Computational and Structural Biotechnology Journal (Jan 2023)
Patterns of transcription factor binding and epigenome at promoters allow interpretable predictability of multiple functions of non-coding and coding genes
Abstract
Understanding the biological roles of all genes only through experimental methods is challenging. A computational approach with reliable interpretability is needed to infer the function of genes, particularly for non-coding RNAs. We have analyzed genomic features that are present across both coding and non-coding genes like transcription factor (TF) and cofactor ChIP-seq (823), histone modifications ChIP-seq (n = 621), cap analysis gene expression (CAGE) tags (n = 255), and DNase hypersensitivity profiles (n = 255) to predict ontology-based functions of genes. Our approach for gene function prediction was reliable (>90% balanced accuracy) for 486 gene-sets. PubMed abstract mining and CRISPR screens supported the inferred association of genes with biological functions, for which our method had high accuracy.

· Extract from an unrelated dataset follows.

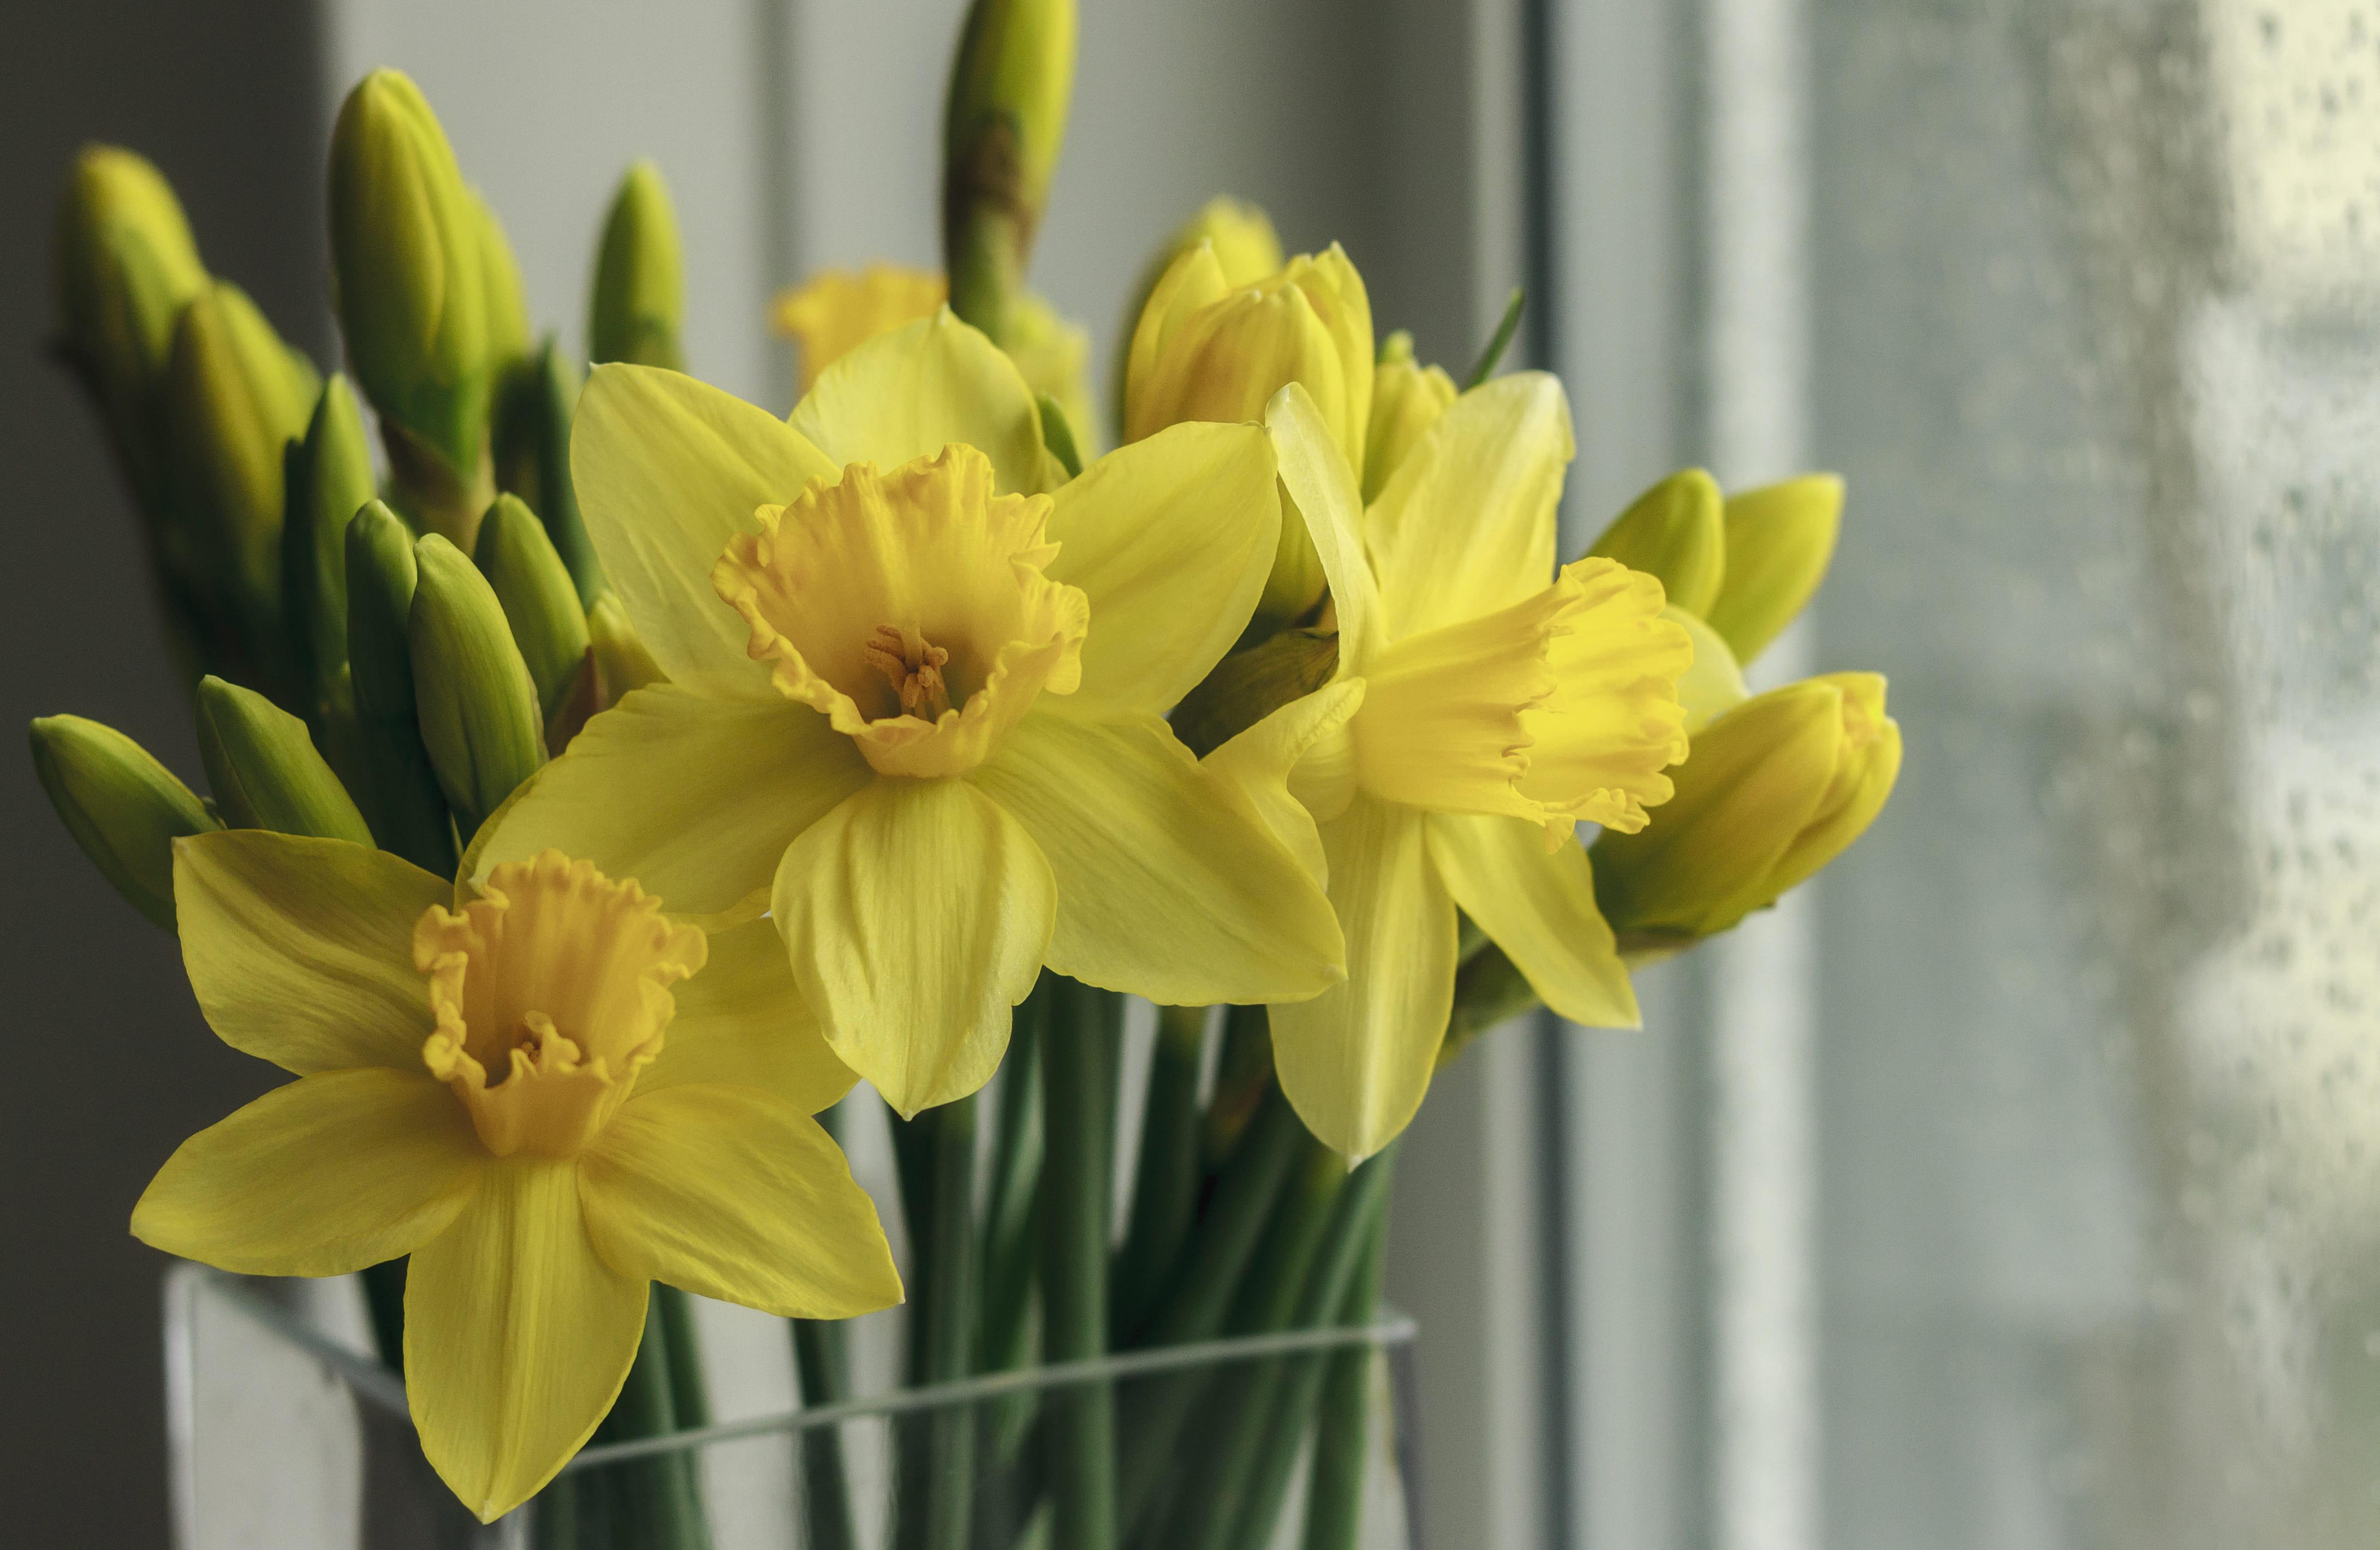 daffodils-photo-77

Further analysis revealed that TF-binding patterns at promoters have high predictive strength for multiple functions. TF-binding patterns at the promoter add an unexplored dimension of explainable regulatory aspects of genes and their functions. Therefore, we performed a comprehensive analysis for the functional-specificity of TF-binding patterns at promoters and used them for clustering functions to reveal many latent groups of gene-sets involved in common major cellular processes. We also showed how our approach could be used to infer the functions of non-coding genes using the CRISPR screens of coding genes, which were validated using a long non-coding RNA CRISPR screen. Thus our results demonstrated the generality of our approach by using gene-sets from CRISPR screens. Overall, our approach opens an avenue for predicting the involvement of non-coding genes in various functions.